◆ PROBLEM DETAILS
Although the listing below holds pictures, reproduce only its lines from the one containing "Piece N Quilt: Pumpkin" through the last, exactly and without them.

┌─ SUPPLIED MATERIAL

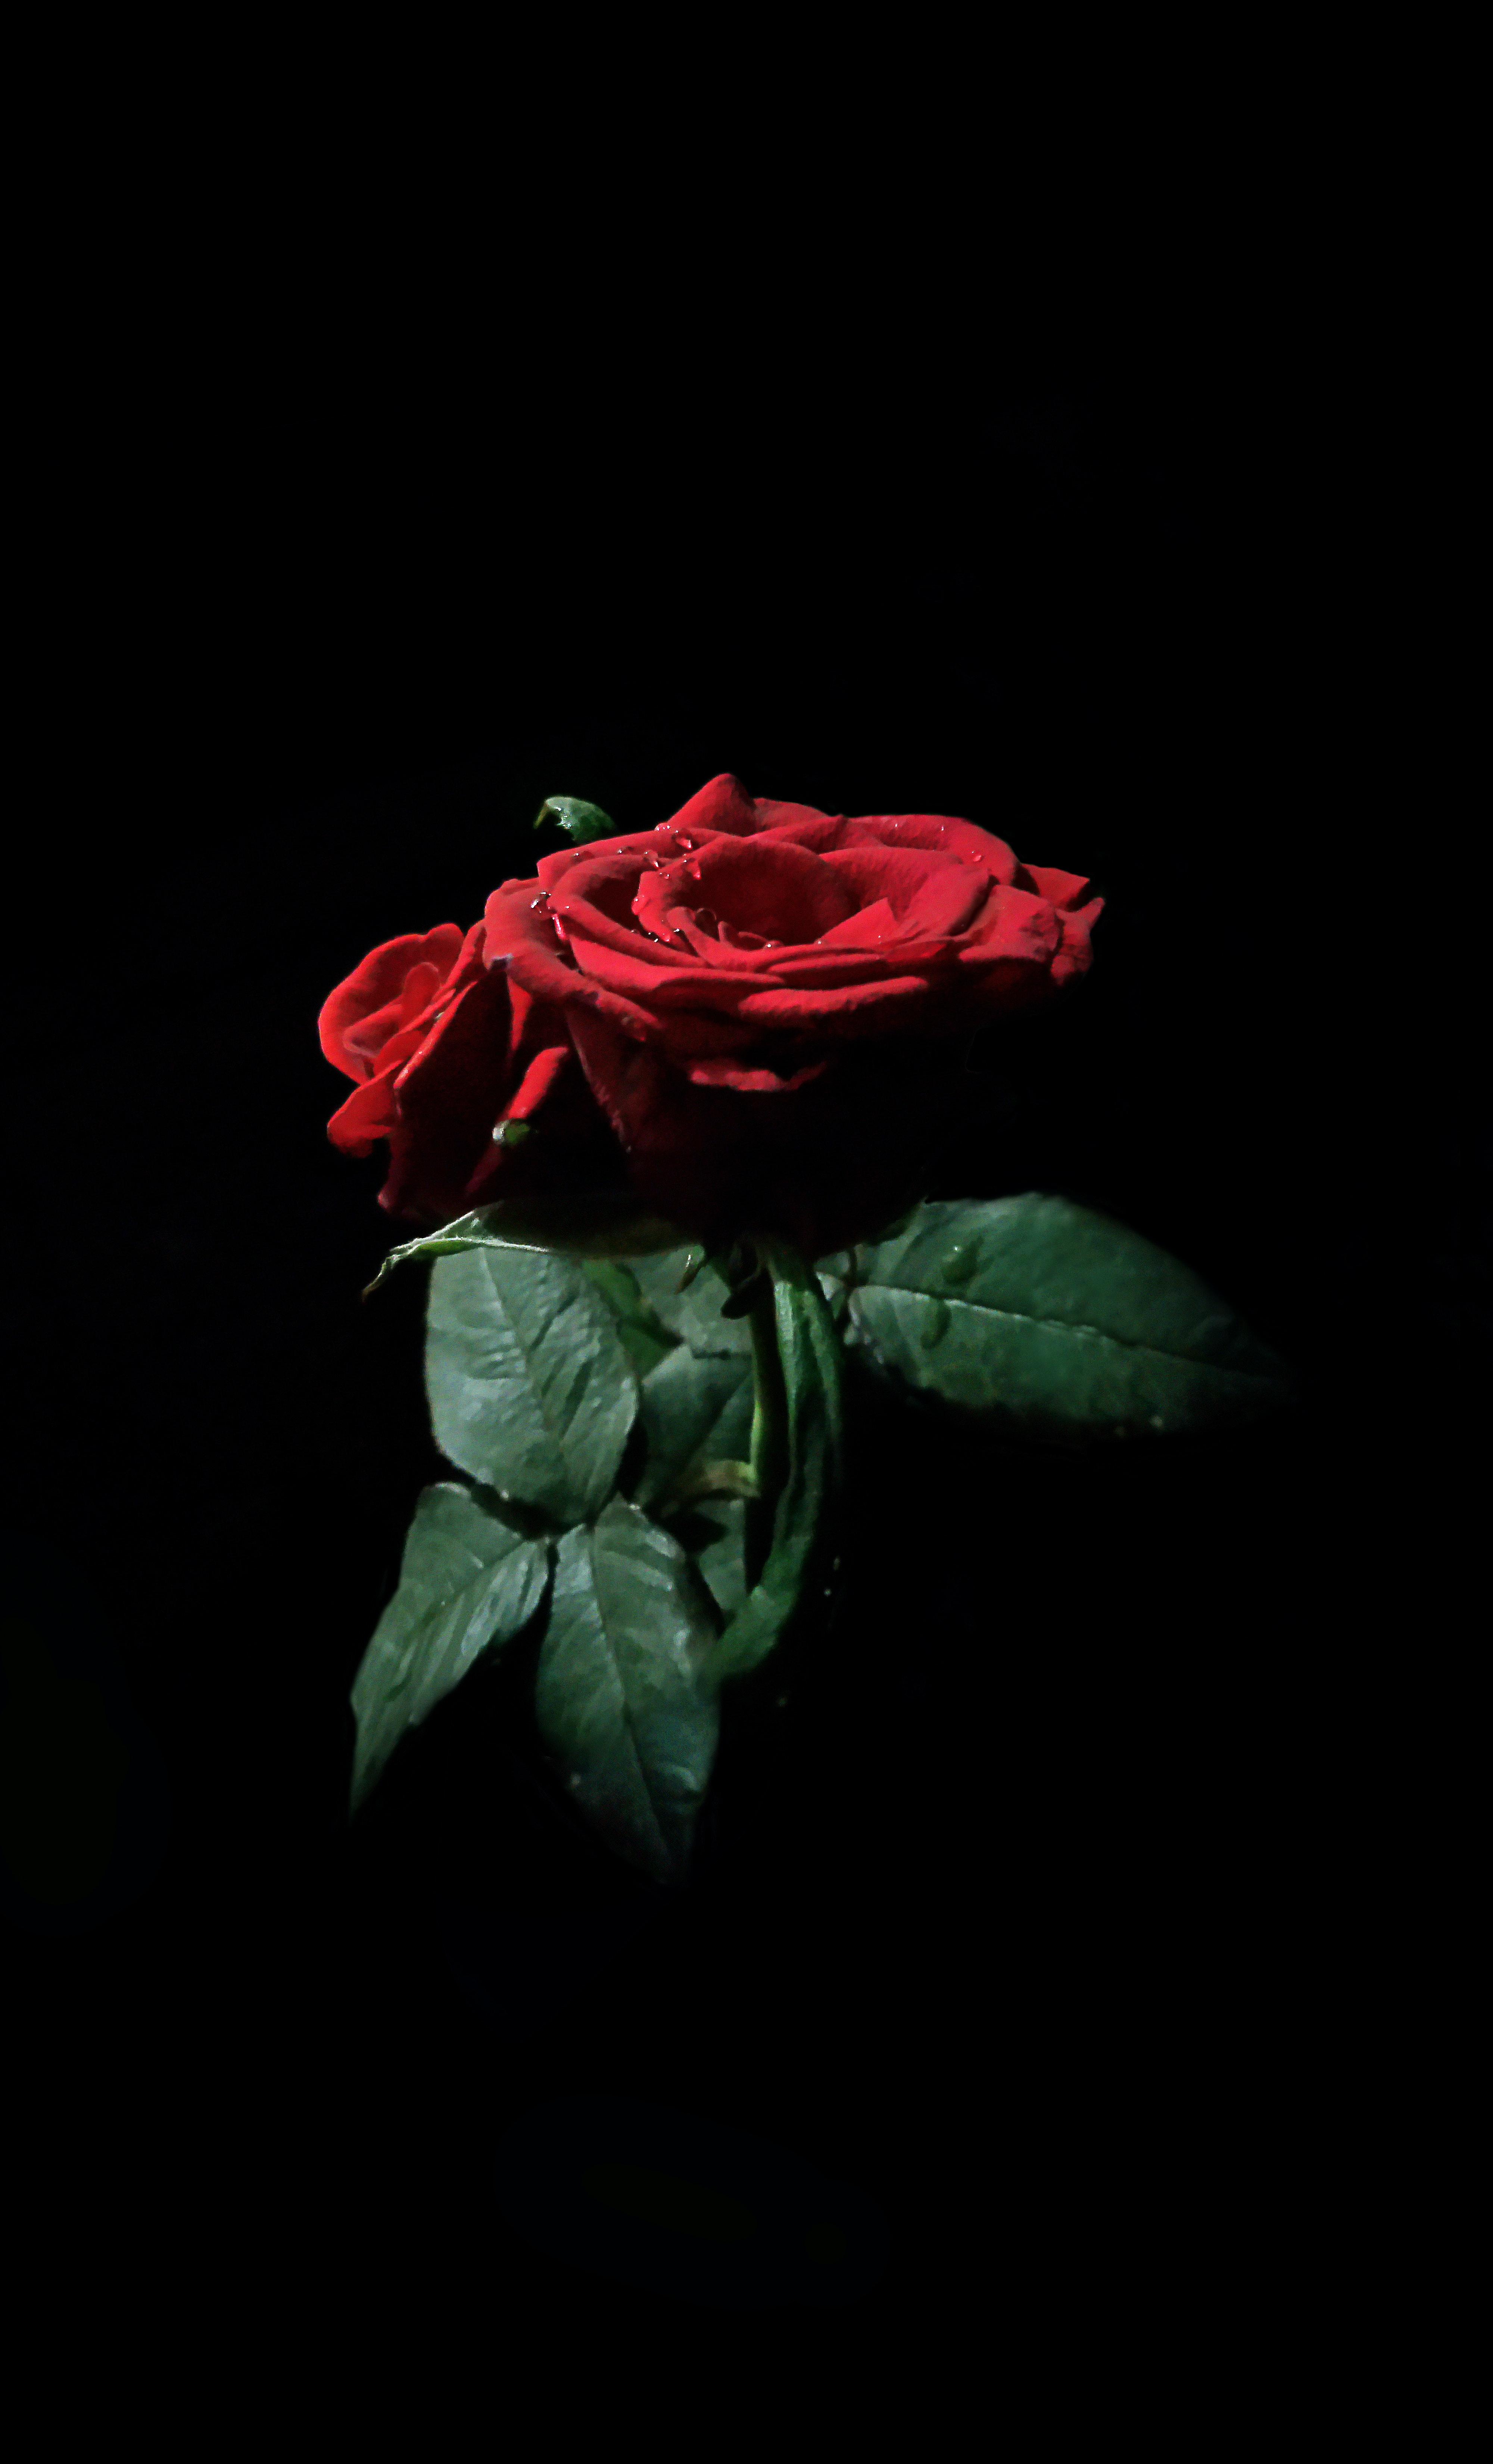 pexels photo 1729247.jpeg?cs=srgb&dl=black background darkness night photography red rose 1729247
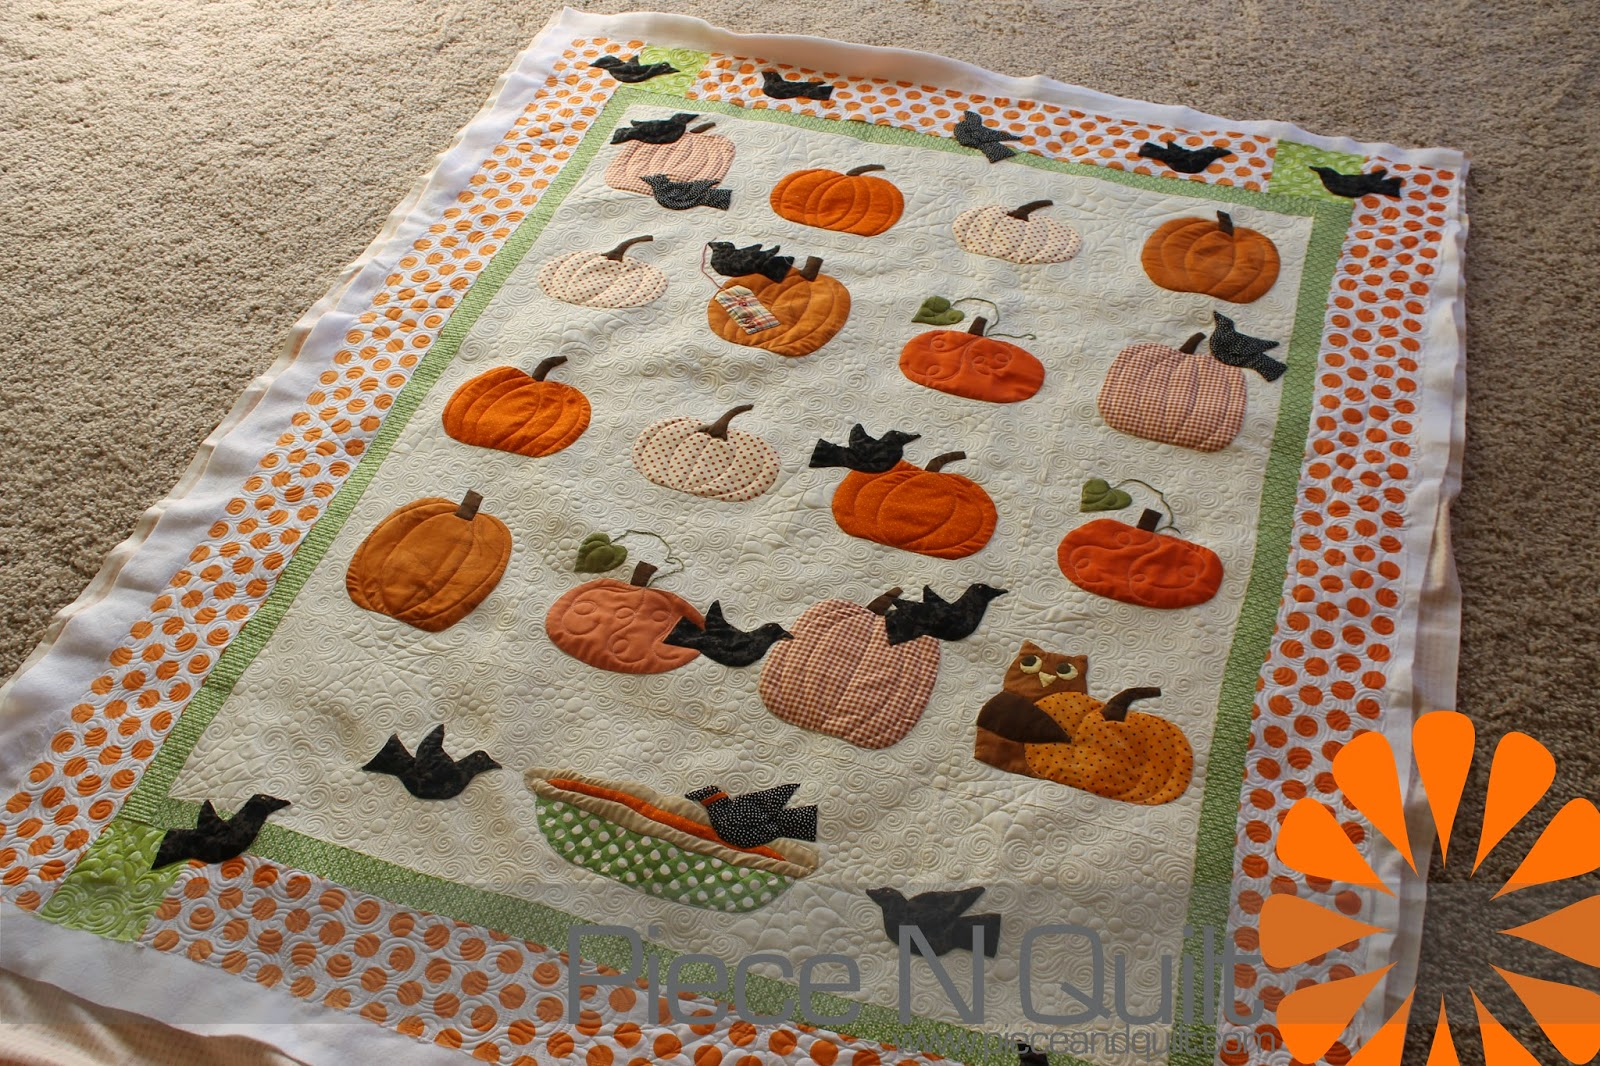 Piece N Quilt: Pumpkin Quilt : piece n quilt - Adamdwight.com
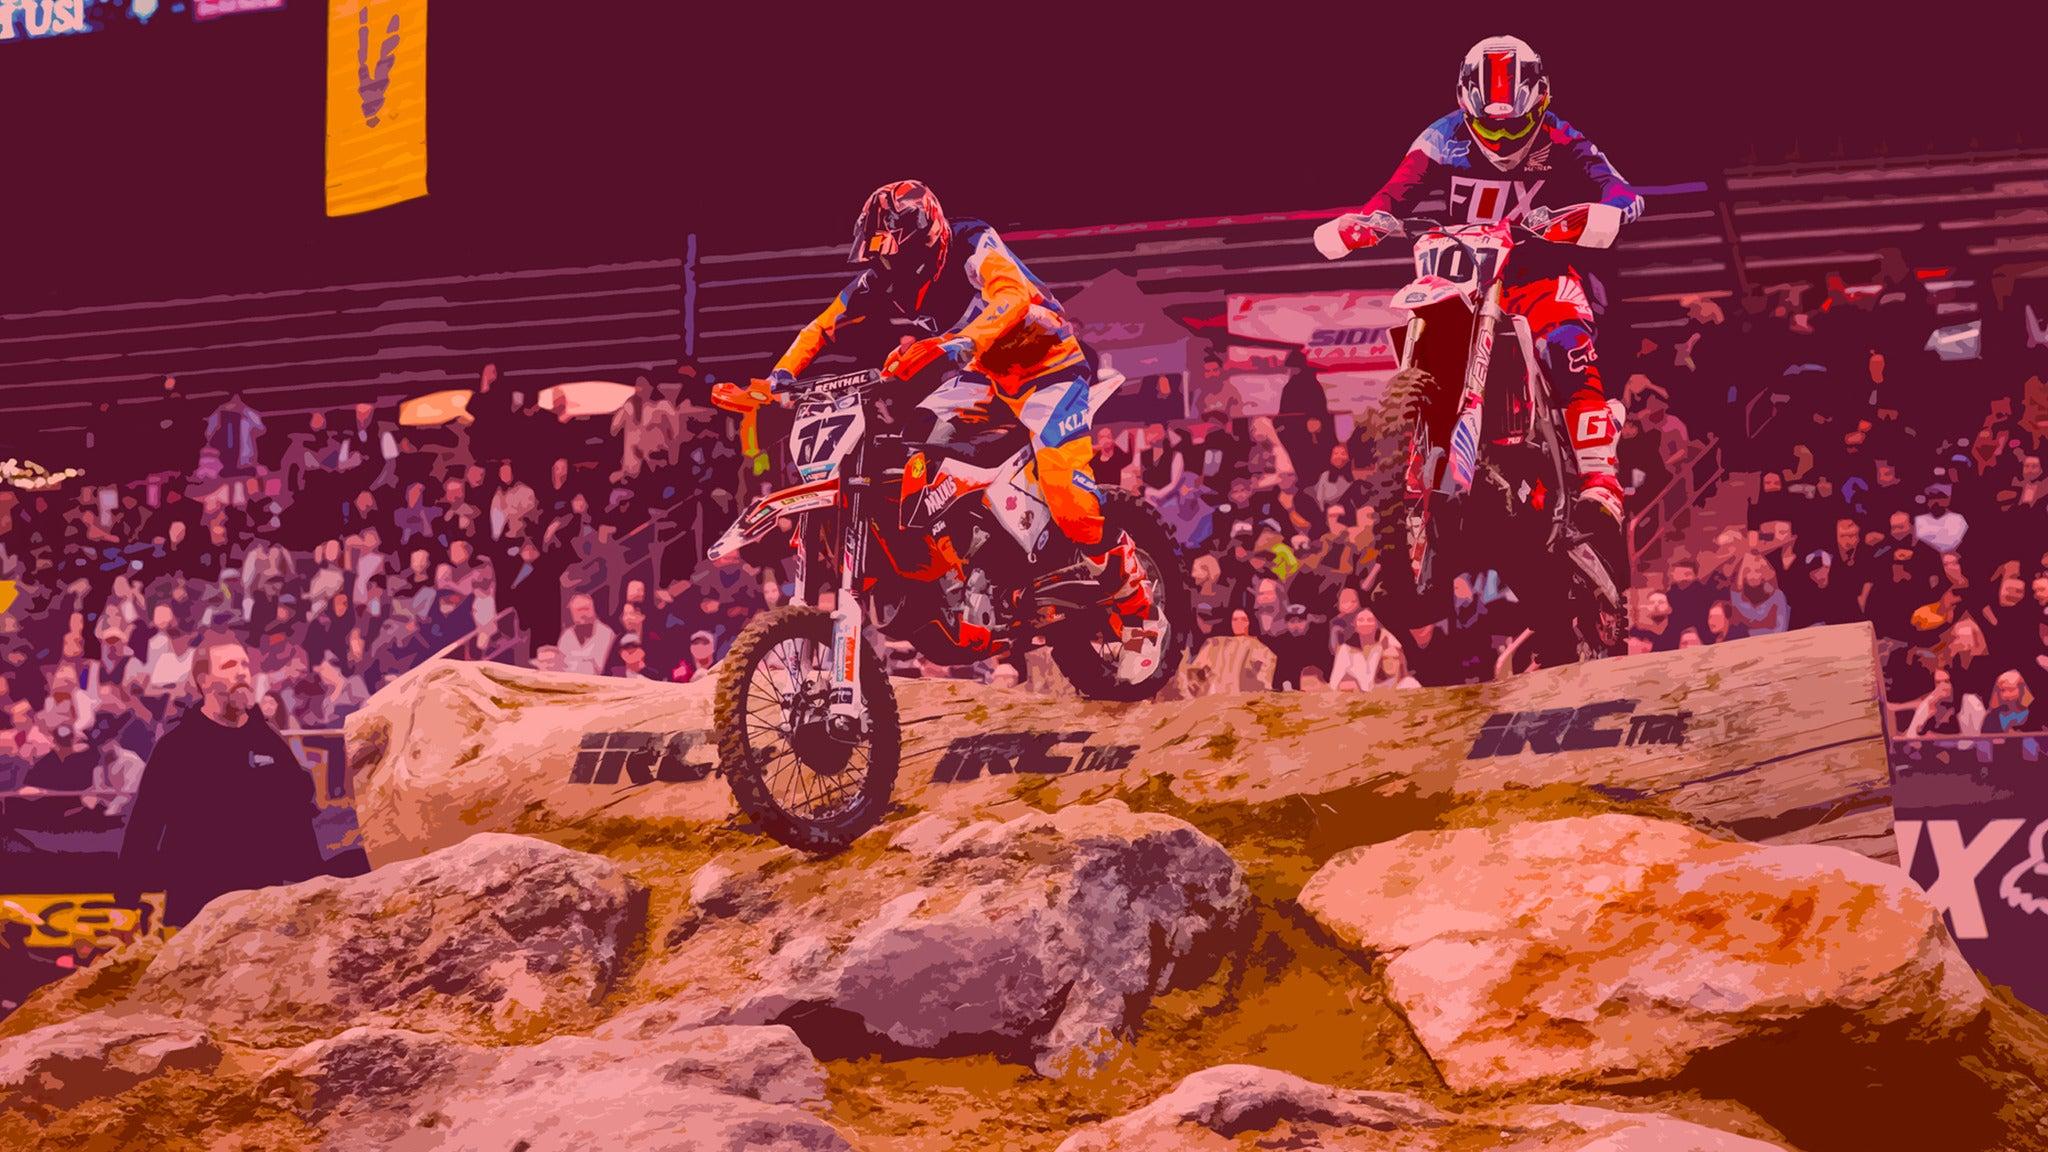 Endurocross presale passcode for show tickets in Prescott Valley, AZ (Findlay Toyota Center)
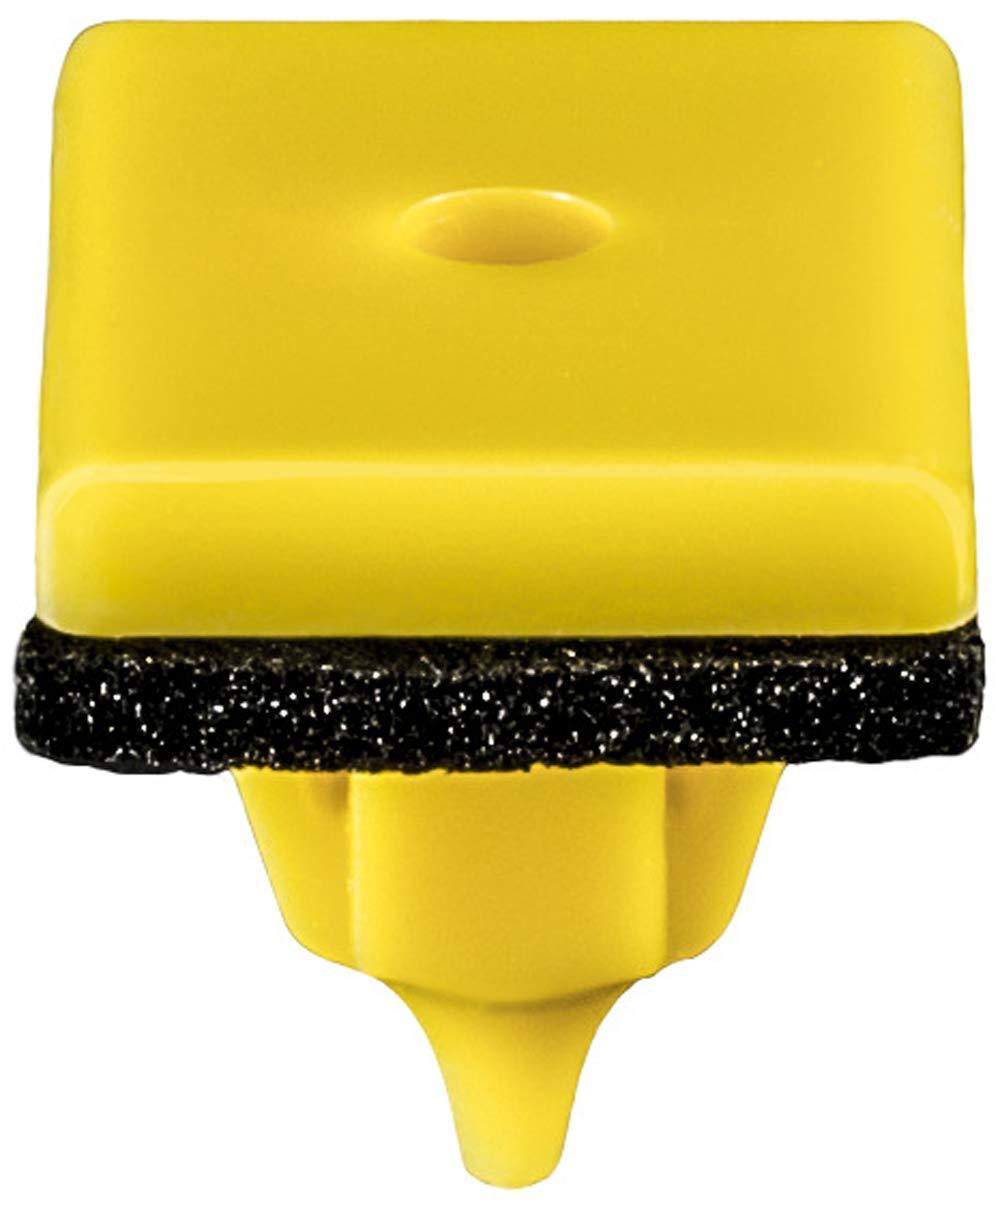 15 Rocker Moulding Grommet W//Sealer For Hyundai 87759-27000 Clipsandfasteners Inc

└─

◆ FINAL ANSWER
 Piece N Quilt: Pumpkin Quilt : piece n quilt - Adamdwight.com
 Endurocross presale passcode for show tickets in Prescott Valley, AZ (Findlay Toyota Center)
 15 Rocker Moulding Grommet W//Sealer For Hyundai 87759-27000 Clipsandfasteners Inc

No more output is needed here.